Dutchable Hunters?

cowGene specialists have found the origin of the main thrust of the Dutch population. In contrast to what I have always thought, and to what was in line with the scientific opinion on it, they do not descent from farmers, but mainly from hunters.

The back-trace of this historical revelation finds its root around 35.000 years ago, a period in which the hunters came to this part of the woods. Then, around 7.000 years ago, the net result of the influx (or static in-birth) of farmers made up approximately 20% of the population against 75% of the original hunter-gatherers. Yet eventually, the latter were able to turn a huge majority of roaming scavengers – the first – into docile land ploughing drudges.

Or were they…? Maybe it was something else that shook out the hunting lifestyle and replaced it by the Dutch love for turning soil.

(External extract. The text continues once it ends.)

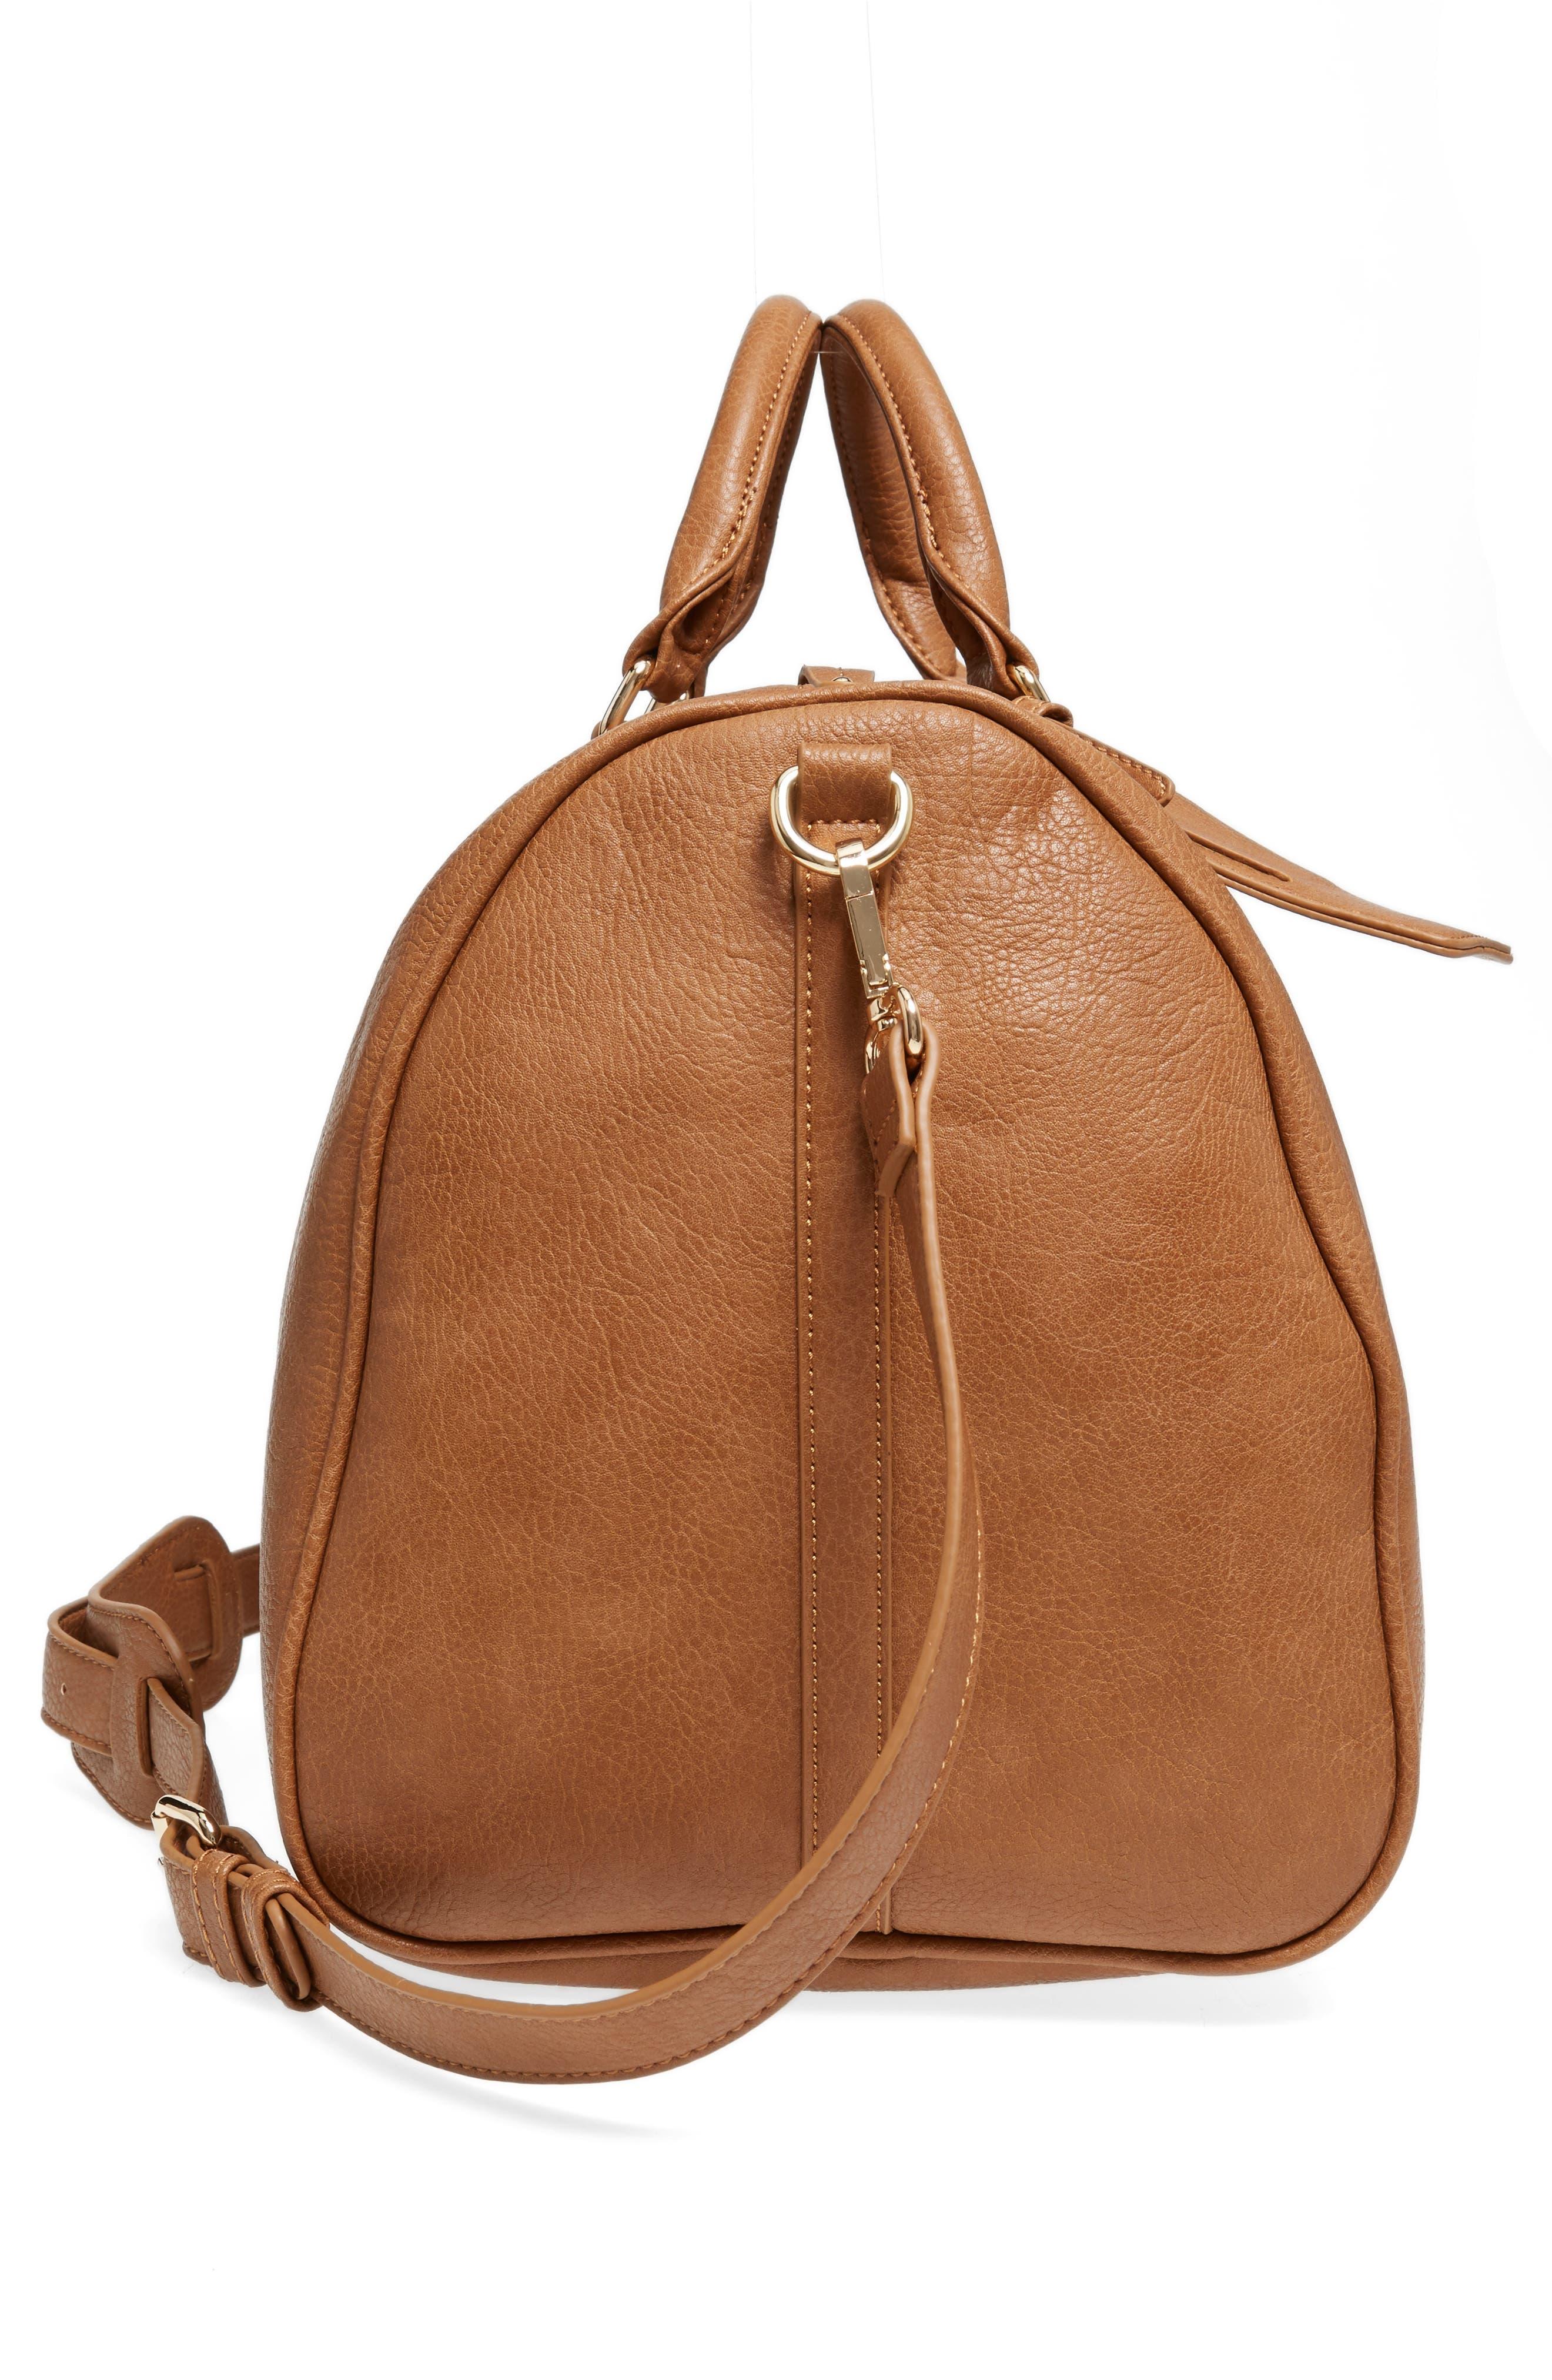 'Cassidy' Faux Leather Duffel Bag,                             Alternate thumbnail 5, color,                             COGNAC

In any case, I am not surprised. My double-cultured ethnic identity gives me an opinion on the Dutch, which is not necessarily positive at all times*. And that is putting it mildly. The new scientific findings about the origins of these authentic lowland dwellers still complies with the overall twerpy image that most exo-ethnic “Dutch” have of the Cheesheads. I have done some research on that myself, in a series of interviews I had to conduct for the purpose of data acquisition in a big social research project in Rotterdam. The people whom I interviewed were all first or second generation immigrants, many of them of non-European origin.

If I put these two sources of opinions on the Dutch together, my own as well as the one I acquired by research, I get a picture that paints a populace of tasteless, boring and pseudo tolerant peasants, who are not to be trusted by a long shot. Their loyalties lie with themselves and any temperamental step out of the Calvinistic line – one that prescribes blandness and boredom at all times – will result in one finger pointing at you and another one being wagged in your face.

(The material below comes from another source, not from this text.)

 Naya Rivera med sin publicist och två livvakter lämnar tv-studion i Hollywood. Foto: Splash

Such is life in the ‘Neatherlands’. The problem lies in the two-tonguedness many fellow immigrants encounter, as they point out themselves. It is the most mentioned drawback I came across in my research and admittedly, it is a streak that is very hard to deal with.

It’s a pity, maybe, that the Hunter-gene has made way for the Yokel-attitude that is perceived by many of the ethnic non-Dutch. A little bit more spunk would have been nice in these NeatherLanders, and some good taste would be welcome too. It is not to be though. If a minority of clay-bums managed to turn over a majority of swift and ruthless meat chasers, there is no reason to have any hope on improvement in this department.

It took this country until the start of the crusades, which lies around the 1.100 CE mark, to come into contact with the real meaning of beauty and post medieval civilisation. The knights who went on their way to Palestine in order to commit their first genocides and other related atrocities, travelled through countries and cities that displayed a wealth of art and architecture to which the NeatherLanders had been oblivious until then. However, a real eye for the delights of life did not develop. But a serious(ly) fun-deprived lifestyle, fully in line with the teachings of John Calvin did.

*) I have an opinion on the Italians too, which you might find elswhere in this BLOG.